Hacker's Hill (also known as Quaker Hill), Casco, Maine.
How Satan wins in Charlottesville and elsewhere.

Before you punch a Nazi ... (read comments, too).

How can Micah Bales follow Jesus in this time of hate?

An interview with Propaganda.

Russian activist fined over GULag memorial plaque.

Daniel Judt on his father Tony's love of trains. (Thanks to 3quarksdaily.)

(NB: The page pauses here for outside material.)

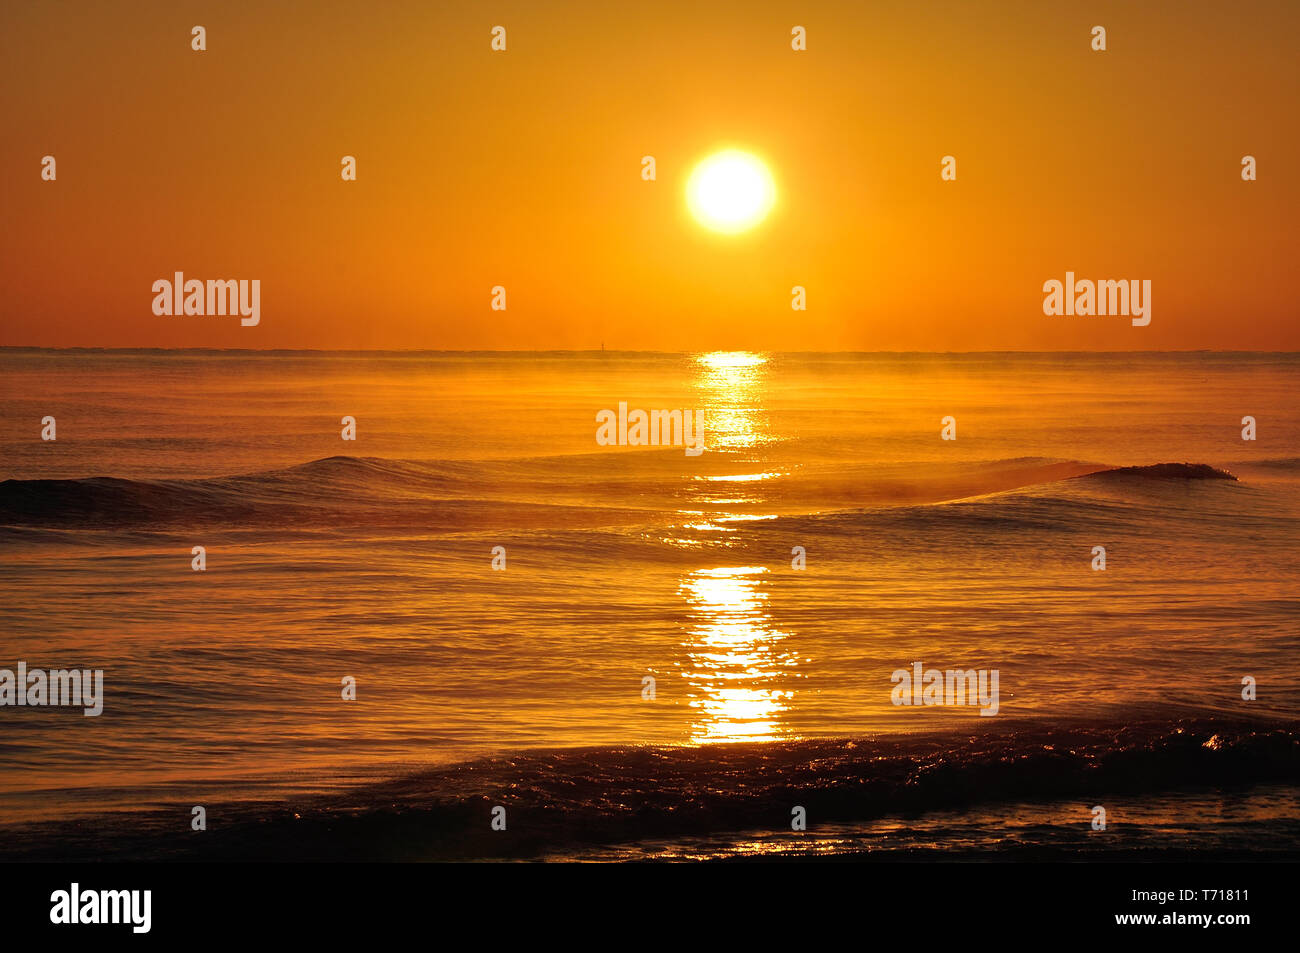 sunrise at sea Stock Photo

Moscow: Maja Zavedia sings her version of "Stand By Me." (Judy and I had the pleasure of getting acquainted with Maja Zavedia last April.)

1 comment:

kfsaylor said...

I am the light and you are the Light and I am within you. If you own who I am and own who you are in me, it is discovered that the process of identification with and the profession of outward ideological prescriptions inevitably create hostility in the systems and institutions such a process of identification manifests and nurtures. This inevitability is not mysterious in the inshining Light. The direct experience of the Life itself reveals, it discovers to human being, that as long as human identity, meaning, and purpose in matters of conscience and human relationships are ruled, guided, and informed by outward political, religious, and social constructs and agendas ... hostility is inevitably. As long as people are guided and informed by identification with outward constructs like racial supremacy and anti-racism there will be conflict and hostility ... it is inevitable ... one nurtures the other. There is another way. It is the way of conscience and human relationships guided and informed by the direct experience of the Life itself in itself in the conscience. The way out of this inevitability is within each of us. It is both simple and difficult ... for it involves the laying down of the very process of identification with outward ideological and institutional forms and those leaders who profess them and waiting upon the appearance of the immanent and eternal Presence within each of us. It involves unmediated participation in the Life itself in itself without regard for outward constructs and outward leaders. Living this process of being guided and informed by the inward impulse and motion that immanent Presence itself itself shatters the inevitable hostility at its source and manifests a pure conscience and pure human relations.

If you would live the life ... own who I am ... and there is peace in all things and circumstances.